The object is to stop multinationals using a global money-go-round to place profits in low-tax or no-tax environments – which is exactly what thgey do now. In New Zealand the amounts of tax they pay is risible. It has far, far greater chances of success than a Fair Bargaining Bill and, Mr Zuckerberg, it’s coming to a store near you. That tax could sustain our journalism for decades to come.                                            

However, none of this will happen unless there is a public will to ensure journalism survives, a political will to provide the means for that survival, and the professional will for journalists and media organisations to live up to the civic expectations that is at the core of their being.

However, we are left with a couple of dilemmas: Can the news media persuade the public of their critical worth before they die? Can the public wake up in time to ensure that death is avoided?

I fear Jodi Mitchell’s Big Yellow Taxi is restarting its engine: Society won’t know what it’s got till its gone…unless people are shocked into realising what you get if you pave paradise.

The most persuasive way to demonstrate journalism’s worth would be a day without news. Blanket 24-hour non-coverage. No newspapers, no radio or television bulletins, no updates to digital platforms. Just an avalanche of something and everything on social media’s Tower of Babel. It would be a portent of things to come and that that would make the point. Unfortunately, we’re unlikely to see such a demonstration. It may sound strange for someone who lived and breathed the news to suggest pulling the plug…however temporarily. Sadly, I think it will take that sort of cathartic moment to shake many out of mindless complacency.     

So let me set you a small mental exercise as a foretaste of life in a parking lot. Ask yourself if you could find the information contained in the first six stories of today’s newspaper, news website, or broadcast news bulletin. And if so, how? Remember that in a post-journalistic world there are no news stories on the matter that you – or an AI Large Language Model – can access. Now calculate how long it would take you to gather the information. Now figure out how you are going to test its accuracy.                                    

Now determine what else you need to get a full picture of the subject and where you are going to find it. Now compile it into a coherent form so it all makes sense. Oh, ask yourself how you would know to go looking for any of it in the first place. And if, by chance, you have found something for which someone needs to be held accountable, how will you do that?

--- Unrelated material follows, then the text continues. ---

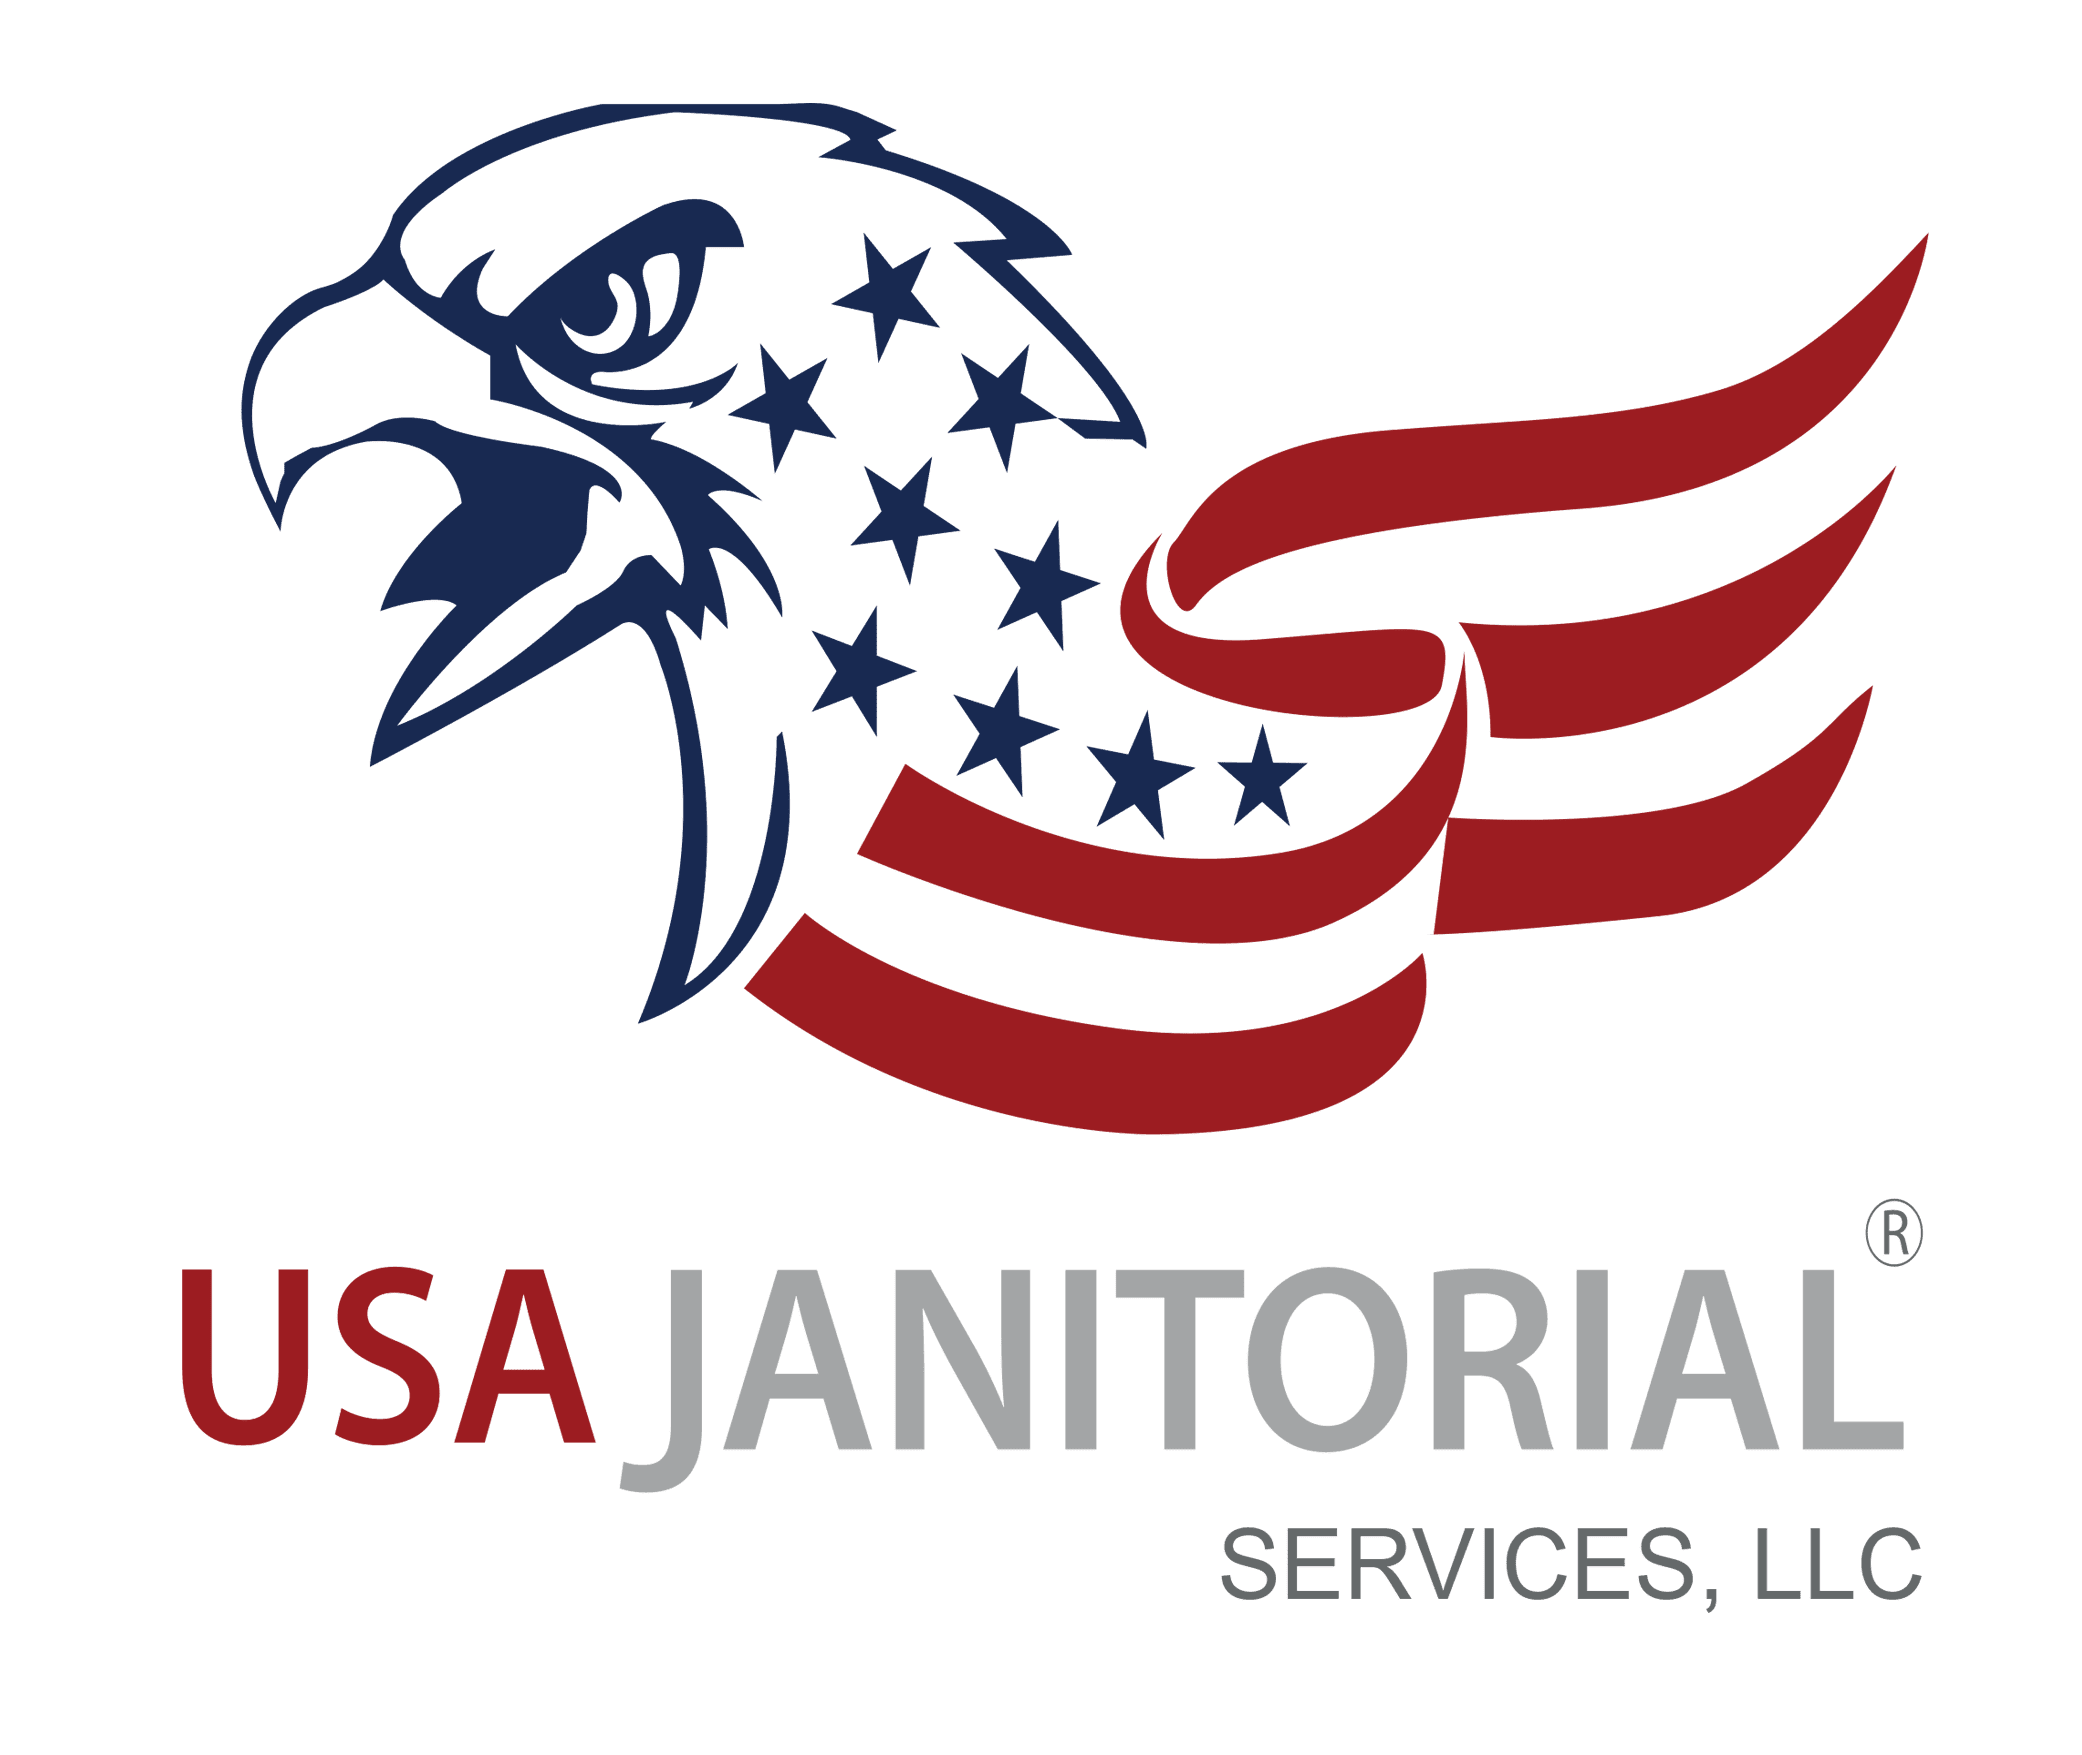 USA Janitorial Services, LLC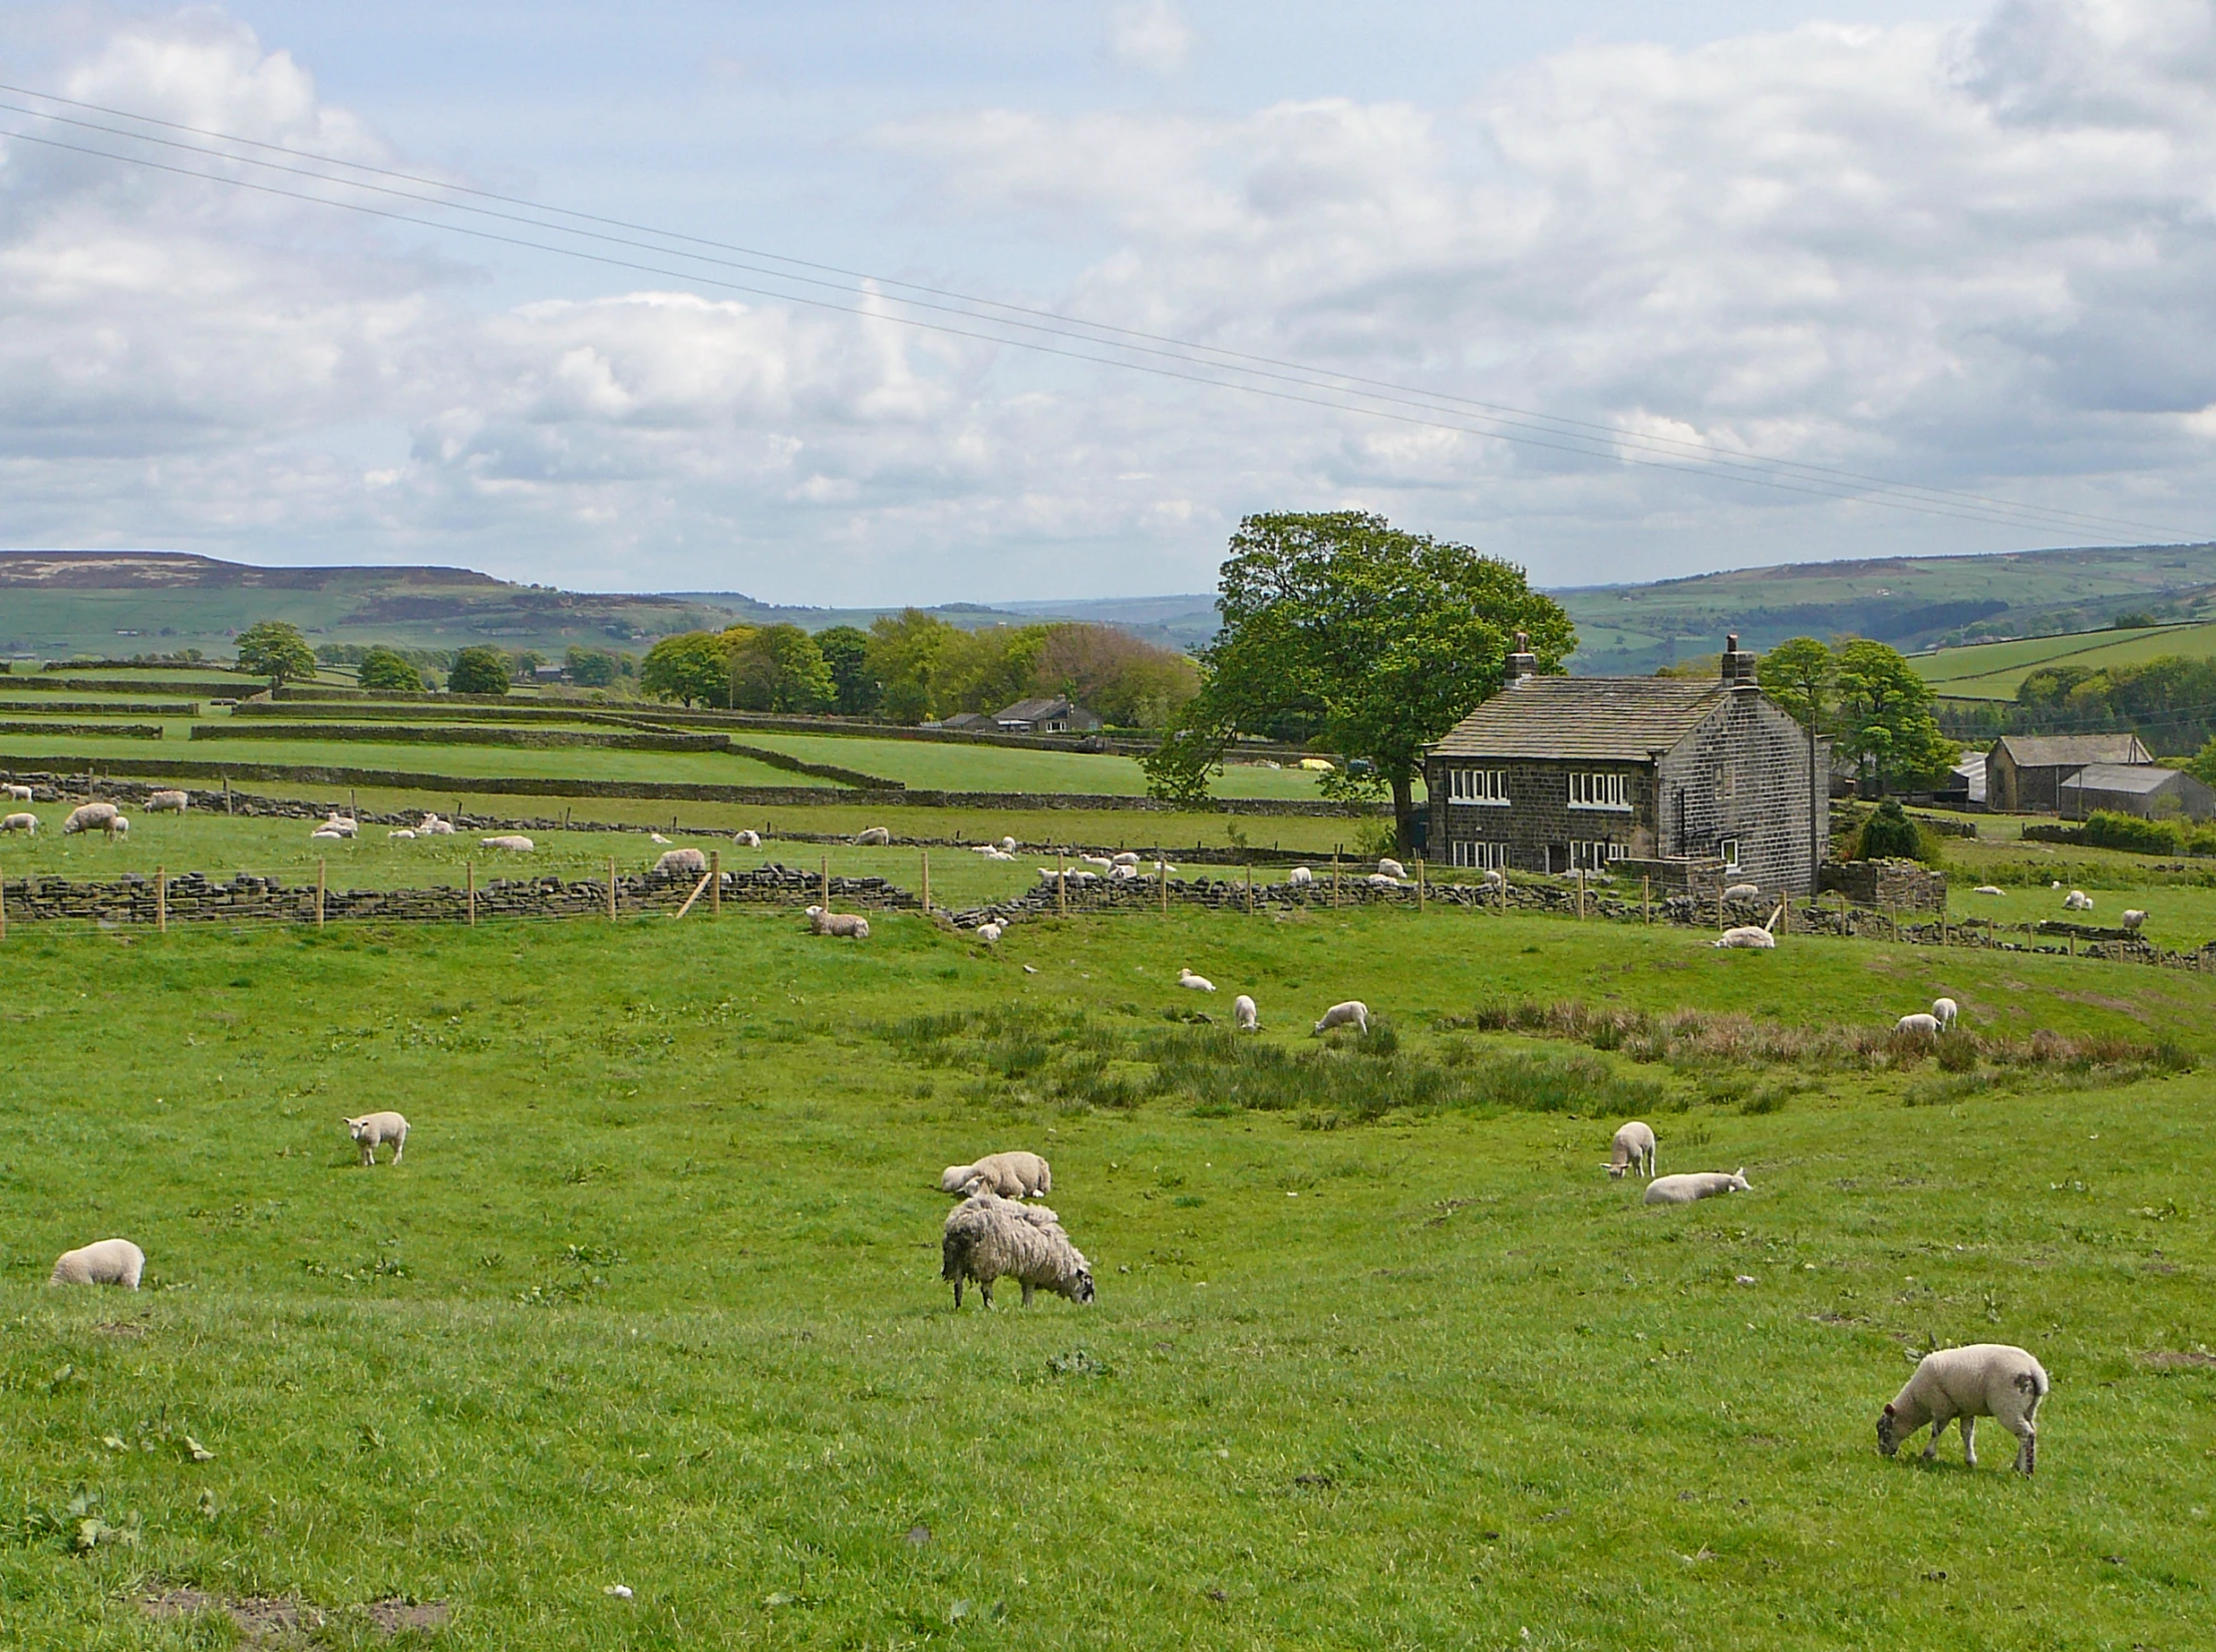 sheep are grazing in a green pasture, with an old barn in the background

That should give you enough to think about but I want to end by quoting again from the position paper:

“…individuals all too often lack the time – and the skills – to establish veracity for themselves. The result is growth in the ranks of the ill-informed, mis-informed, and dis-informed. For now, individuals may still check their perceptions against curated and tested information in news media, where they are also able to ‘triangulate’ information across multiple news outlets. However, the notion of a network of gatekeepers to tell the public things that have been established or proven is breaking down.  If it reaches the point where the ecosystem has collapsed, society will still be left with a need for trusted curation and verification of matters that are in the public interest. The need to hold power to account will be undiminished. We will be left with the consequences of a simple (unanswered) question: If not journalists, then who?”

That seemed a fitting title for the paper. It sums up what’s at stake.